The 22-note MODMOS 5 4 5 4 5 5 4 5 4 5 4 5 4 5 5 4 5 4 5 4 5 4 could be used to construct a 22-tone piano; this tuning has two chains of fifths (one with 10 notes in it and one with 12), and thus has two "wolf" fifths. Much like meantone, this tuning has "wolf" intervals but in this case they are only twelve cents away from their pure counterparts, and as such they don't sound nearly as bad. They are xenharmonic but not unpleasant and could easily be used in compositions, which makes this tuning akin to well temperaments as well as to meantone. Because most if not all of the "wolves" are still usable (albeit xenharmonic), it might be better to use the term dog rather than wolf for these intervals. Dog intervals frequently provide closer matches to intervals involving the 7th and 11th harmonics.

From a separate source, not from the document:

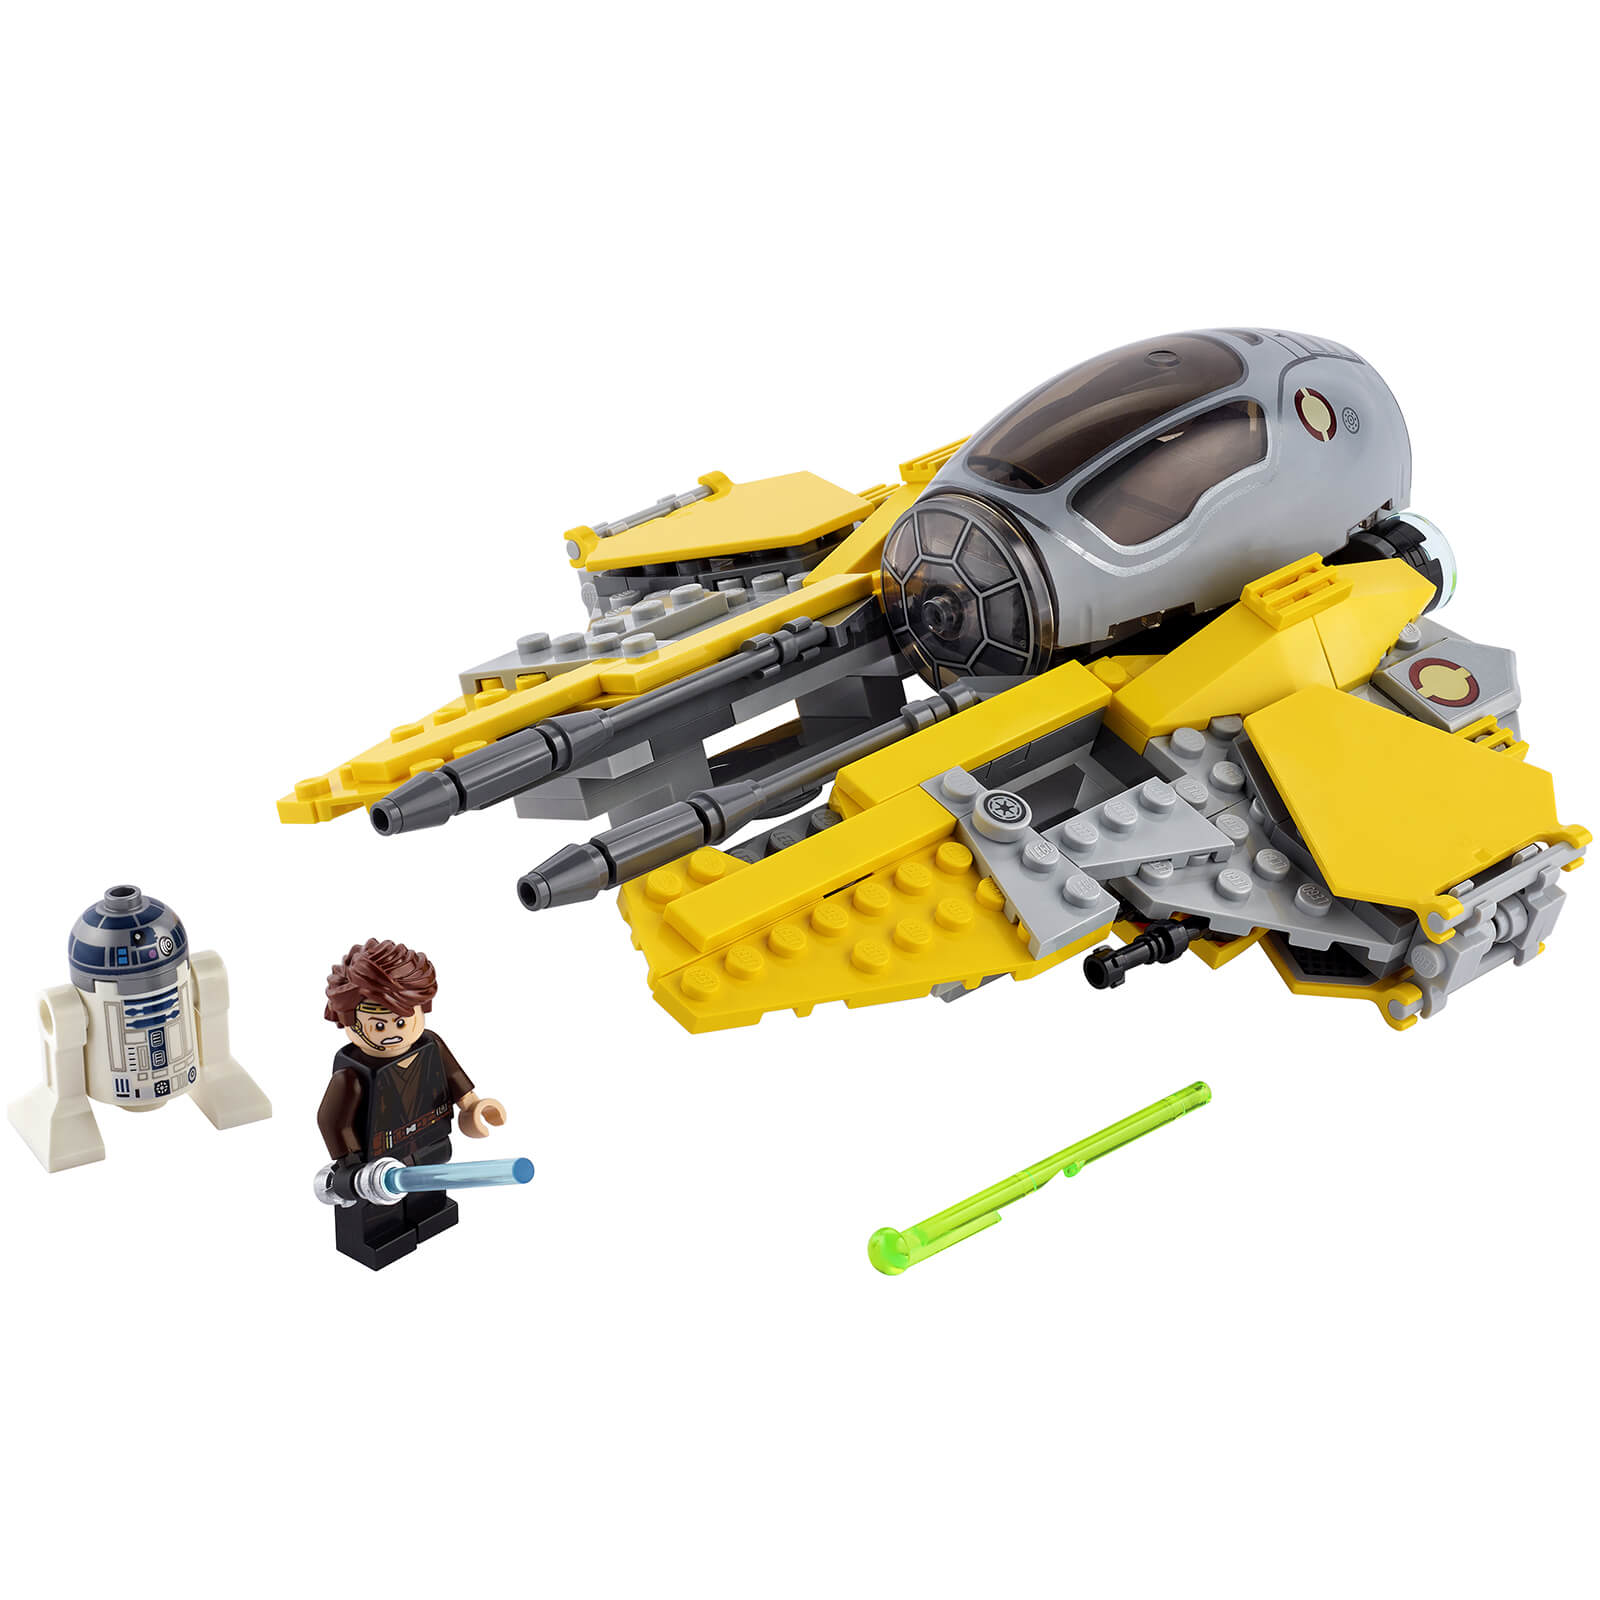 LEGO Star Wars: Anakin's Jedi Interceptor Toy (75281)
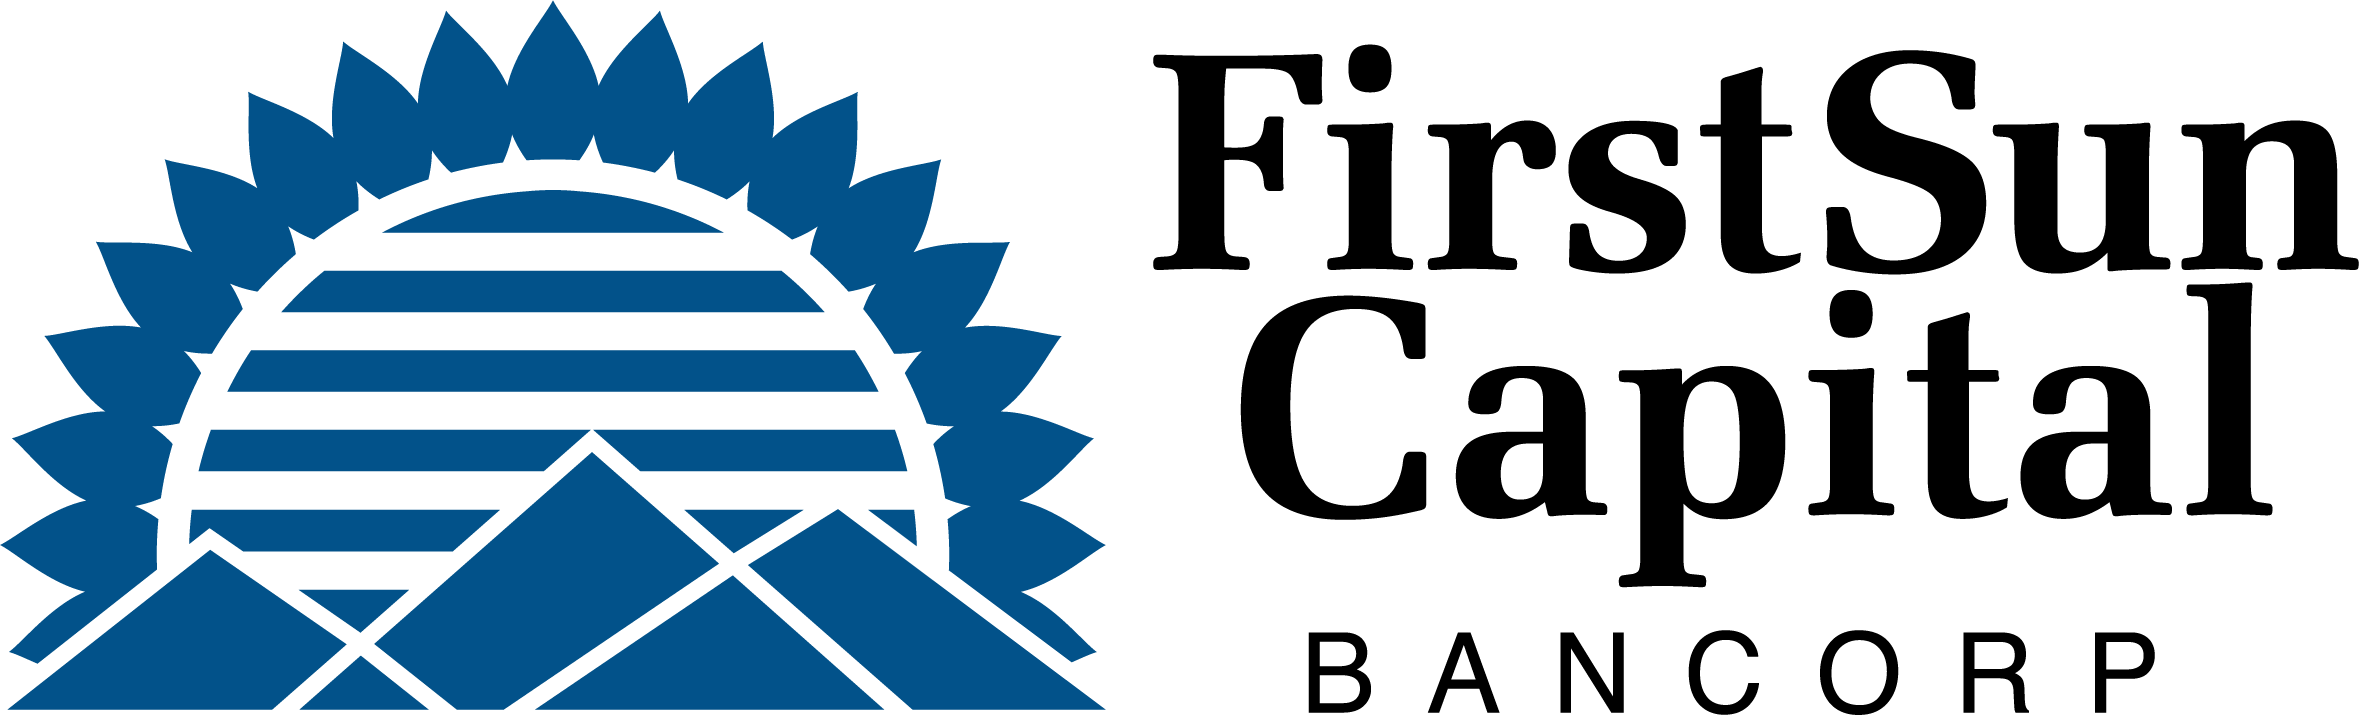 FirstSun Capital Bancorp Logo

Even if the dog intervals are completely avoided, this MODMOS still allows for decatonic music in 12 different keys, and diatonic (superpyth) music in 10 different keys, and thus the freedom of modulation and key choice is still comparable to 12 Edo.
| Steps of 22-note MODMOS | Interval name (decatonic) | Interval name (superpyth diatonic) | Pure interval size [multiplicity] Difference from 22 EDO |
Dog interval size [multiplicity] Difference from 22 EDO |
| 1 | Diminished 2nd10 | Minor second | 60¢ [12] 5.4545¢ |
48¢ [10] -6.5455¢ |
| 2 | Minor 2nd10 | Augmented seventh | 108¢ [20] -1.091¢ |
120¢ [2] 10.909¢ |
| 3 | Major 2nd10 | Augmented unison | 168¢ [14] 4.364¢ |
156¢ [8] -7.636¢ |
| 4 | Minor 3rd10 | Major second | 216¢ [18] -2.182¢ |
228¢ [4] 9.818¢ |
| 5 | Major 3rd10 | Minor third | 276¢ [16] 3.273¢ |
264¢ [6] -8.727¢ |
| 6 | Minor 4th10 | Diminished fourth | 324¢ [16] -3.273¢ |
336¢ [6] 8.727¢ |
| 7 | Major 4th10 | Augmented second | 384¢ [18] 2.182¢ |
372¢ [4] -9.818¢ |
| 8 | Augmented 4th10 Diminished 5th10 |
Major third | 432¢ [14] -4.364¢ |
444¢ [8] 7.636¢ |
| 9 | Perfect 5th10 | Perfect fourth | 492¢ [20] 1.091¢ |
480¢ [2] -10.909¢ |
| 10 | Augmented 5th10 Diminished 6th10 |
Diminished fifth | 540¢ [12] -5.4545¢ |
552¢ [10] 6.5455¢ |
| 11 | Perfect 6th10 | Augmented third Diminished sixth |
600¢ [20] | 588¢ [1] -12¢ 612¢ [1] 12¢ |
| 12 | Augmented 6th10 Diminished 7th10 |
Augmented fourth | 660¢ [12] 6.5455¢ |
648¢ [10] -5.4545¢ |
| 13 | Perfect 7th10 | Perfect fifth | 708¢ [20] -1.091¢ |
720¢ [2] 10.909¢ |
| 14 | Augmented 7th10
Diminished 8th10 |
Minor sixth | 768¢ [14] 4.364¢ |
756¢ [8] -7.636¢ |
| 15 | Minor 8th10 | Diminished seventh | 816¢ [18] -2.182¢ |
828¢ [4] 9.818¢ |
| 16 | Major 8th10 | Augmented fifth | 876¢ [16] 3.273¢ |
864¢ [6] -8.727¢ |
| 17 | Minor 9th10 | Major sixth | 924¢ [16] -3.273¢ |
936¢ [6] 8.727¢ |
| 18 | Major 9th10 | Minor seventh | 984¢ [18] 2.182¢ |
972¢ [4] -9.818¢ |
| 19 | Minor 10th10 | Diminished octave | 1032¢ [14] -4.364¢ |
1044¢ [8] 7.636¢ |
| 20 | Major 10th10 | Diminished second | 1092¢ [20] 1.091¢ |
1080¢ [2] -10.909¢ |
| 21 | Augmented 10th10 Diminished 11th10 |
Major seventh | 1140¢ [12] -5.4545¢ |
1152¢ [10] 6.5455¢ |
| 22 | 11th10 | Octave | 1200¢ [22] | N/A |
Alternatively, the unmodified, symmetrical 2MOS scale 5 4 5 4 5 4 5 4 5 4 5 5 4 5 4 5 4 5 4 5 4 5 could be used instead. This scale is very similar to the modified version except that it lacks dog tritones; every 6th10 is exactly 600 cents. Because it repeats every half-octave, this scale could be used to construct straight-fretted guitars as long as they are tuned in tritones. This makes guitar construction much easier compared to other non-equally-tempered scales. The MODMOS would allow almost all the frets to be straight if the tritones tuning is used; only every eleventh fret would need to be curved. While the 2MOS is simpler, the MODMOS very closely approximates the Indian sruti system.
Other, "gentle" alternatives to 22 EDO for pajara include 78ddd and 56d. The resulting 22-note scales have large and small steps in ratios of 4:3 or 3:2, respectively, and the rest of the spectrum of 22&34d temperaments is also usable. On the other hand, the “rough” alternatives to 22 EDO for pajara include 58d and 46d. The resulting 22-note scales have large and small steps in ratios of 4:1 or 3:1, respectively, and the rest of the spectrum of 12&34d temperaments up to 58d is also usable.